Aucun de ceux-ci n’a été exécuté immédiatement. En quelques semaines, j’ai progressivement mis en place les pratiques de Clubier, une à la fois. Il n’était pas révolutionnaire de s’asseoir avec le dernier roman d’Alan Bradley (“Chaque fois que je suis un peu bleu je pense au cyanure, qui reflète parfaitement mon humeur.” – Flavia), ni le monde après la première entrée sur le Brag Planche. Le graphique de corvée n’a pas résolu la crise et n’a pas rattrapé les courriels.

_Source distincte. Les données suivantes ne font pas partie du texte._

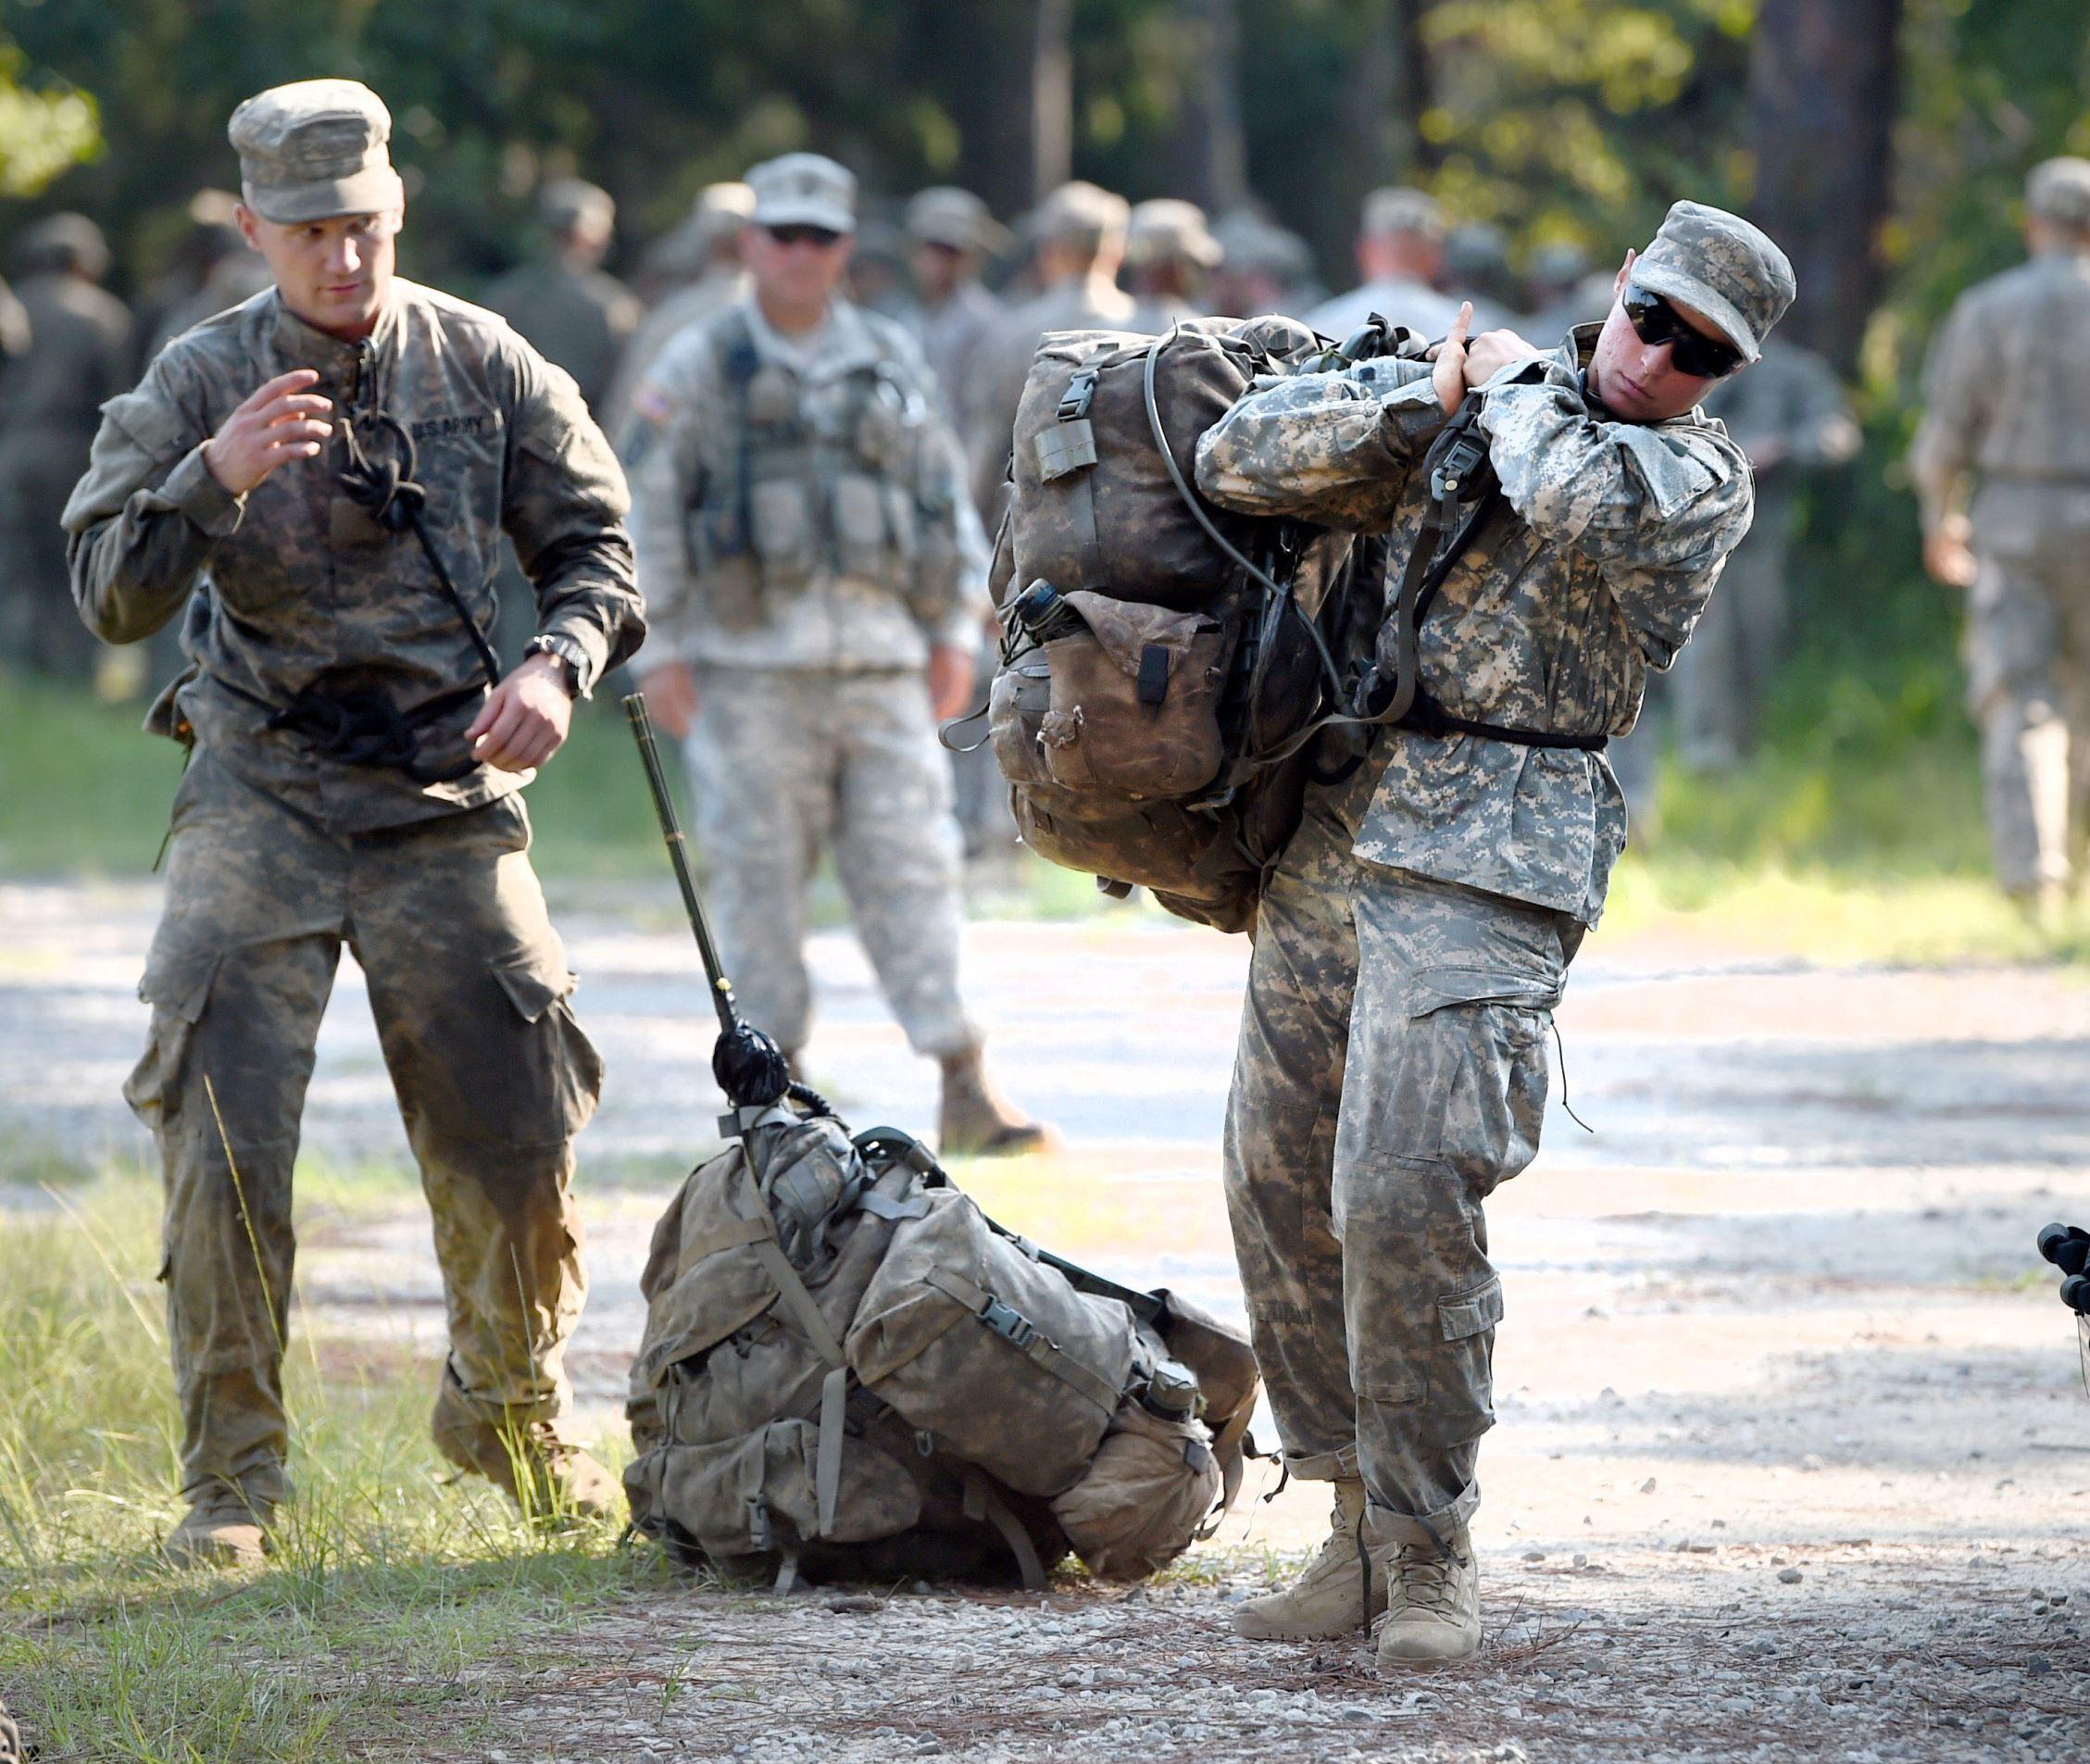 Female Army Rangers Nick Tomecek/Northwest Florida Daily

Mais tous ensemble, pendant des semaines, faisant le travail, petit à petit, creusant profondément pour la diligence et la grâce et les meilleures pratiques, le Pot au Noir a reculé. Ces mesures nous rendent Cluby et tout, parce que nous cessons de succomber au désordre et à la honte. Ce n’est pas un travail de fantaisie ou rapide, malheureusement, mais c’est efficace.

Si vous vous sentez coincé aujourd’hui, puis-je suggérer d’aborder le Pot au Noir d’une manière raisonnable, un petit élément à la fois? Seuls, aucun n’est monumental, mais ensemble, ils déposent de petits pavés dans la fange, forçant un chemin vers le club, de retour à la vitalité.

Note de l’auteur: Cet essai ne s’applique pas aux traumatismes graves ou à la dépression. Le Pot au Noir est un funk, pas une crise grave. Parfois, nous avons besoin d’une thérapie, d’une intervention et éventuellement de médicaments, et les pratiques que je décris sont inadéquates.